[SOURCE MATERIAL]
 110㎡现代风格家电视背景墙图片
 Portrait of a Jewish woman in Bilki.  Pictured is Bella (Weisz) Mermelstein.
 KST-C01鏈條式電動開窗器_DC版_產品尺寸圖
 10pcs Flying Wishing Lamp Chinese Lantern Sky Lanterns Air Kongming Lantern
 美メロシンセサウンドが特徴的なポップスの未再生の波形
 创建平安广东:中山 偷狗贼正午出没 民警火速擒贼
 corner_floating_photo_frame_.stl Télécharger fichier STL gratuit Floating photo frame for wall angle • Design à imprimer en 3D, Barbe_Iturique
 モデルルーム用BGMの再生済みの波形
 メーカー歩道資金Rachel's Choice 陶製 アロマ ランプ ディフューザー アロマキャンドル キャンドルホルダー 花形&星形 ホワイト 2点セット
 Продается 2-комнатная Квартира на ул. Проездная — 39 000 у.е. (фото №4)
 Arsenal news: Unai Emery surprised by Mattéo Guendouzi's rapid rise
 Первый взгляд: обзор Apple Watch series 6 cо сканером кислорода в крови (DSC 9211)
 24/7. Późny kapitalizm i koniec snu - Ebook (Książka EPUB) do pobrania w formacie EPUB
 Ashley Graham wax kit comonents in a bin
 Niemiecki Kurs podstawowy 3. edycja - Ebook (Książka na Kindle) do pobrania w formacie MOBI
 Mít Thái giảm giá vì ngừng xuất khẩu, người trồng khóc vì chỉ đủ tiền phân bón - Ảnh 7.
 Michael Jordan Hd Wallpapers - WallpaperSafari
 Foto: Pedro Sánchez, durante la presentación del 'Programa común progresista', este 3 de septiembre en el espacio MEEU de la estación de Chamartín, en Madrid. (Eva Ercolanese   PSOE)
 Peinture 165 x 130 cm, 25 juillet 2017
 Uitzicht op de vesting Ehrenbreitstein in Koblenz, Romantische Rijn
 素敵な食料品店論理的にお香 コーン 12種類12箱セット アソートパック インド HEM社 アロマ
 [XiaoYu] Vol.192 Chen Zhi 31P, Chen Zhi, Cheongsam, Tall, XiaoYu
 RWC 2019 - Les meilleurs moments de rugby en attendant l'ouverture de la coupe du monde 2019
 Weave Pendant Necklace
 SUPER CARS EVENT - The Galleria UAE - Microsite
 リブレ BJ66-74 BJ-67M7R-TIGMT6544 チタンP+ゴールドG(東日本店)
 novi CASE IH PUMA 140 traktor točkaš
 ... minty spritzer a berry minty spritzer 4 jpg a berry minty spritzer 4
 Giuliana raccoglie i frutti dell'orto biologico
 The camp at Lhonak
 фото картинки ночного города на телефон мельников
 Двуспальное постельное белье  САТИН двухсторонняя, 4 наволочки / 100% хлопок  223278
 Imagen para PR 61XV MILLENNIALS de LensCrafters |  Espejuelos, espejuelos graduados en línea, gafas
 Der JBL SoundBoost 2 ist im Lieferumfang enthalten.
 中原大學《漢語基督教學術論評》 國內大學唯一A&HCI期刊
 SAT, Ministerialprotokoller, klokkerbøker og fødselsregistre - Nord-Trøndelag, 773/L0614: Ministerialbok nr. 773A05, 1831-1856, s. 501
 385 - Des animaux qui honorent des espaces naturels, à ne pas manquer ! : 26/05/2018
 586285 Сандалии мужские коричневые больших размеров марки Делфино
[/SOURCE MATERIAL]
#### [ABOUT THIS EXERCISE]
The lines above starting at the one that contains "jpg a berry minty spritzer 4" and ending at the one that contains "中原大學《漢語基督教學術論評》 國內大學唯一A&HCI期刊" must be transcribed exactly, and no other lines may appear.

#### [EXERCISE OUTPUT]
 ... minty spritzer a berry minty spritzer 4 jpg a berry minty spritzer 4
 Giuliana raccoglie i frutti dell'orto biologico
 The camp at Lhonak
 фото картинки ночного города на телефон мельников
 Двуспальное постельное белье  САТИН двухсторонняя, 4 наволочки / 100% хлопок  223278
 Imagen para PR 61XV MILLENNIALS de LensCrafters |  Espejuelos, espejuelos graduados en línea, gafas
 Der JBL SoundBoost 2 ist im Lieferumfang enthalten.
 中原大學《漢語基督教學術論評》 國內大學唯一A&HCI期刊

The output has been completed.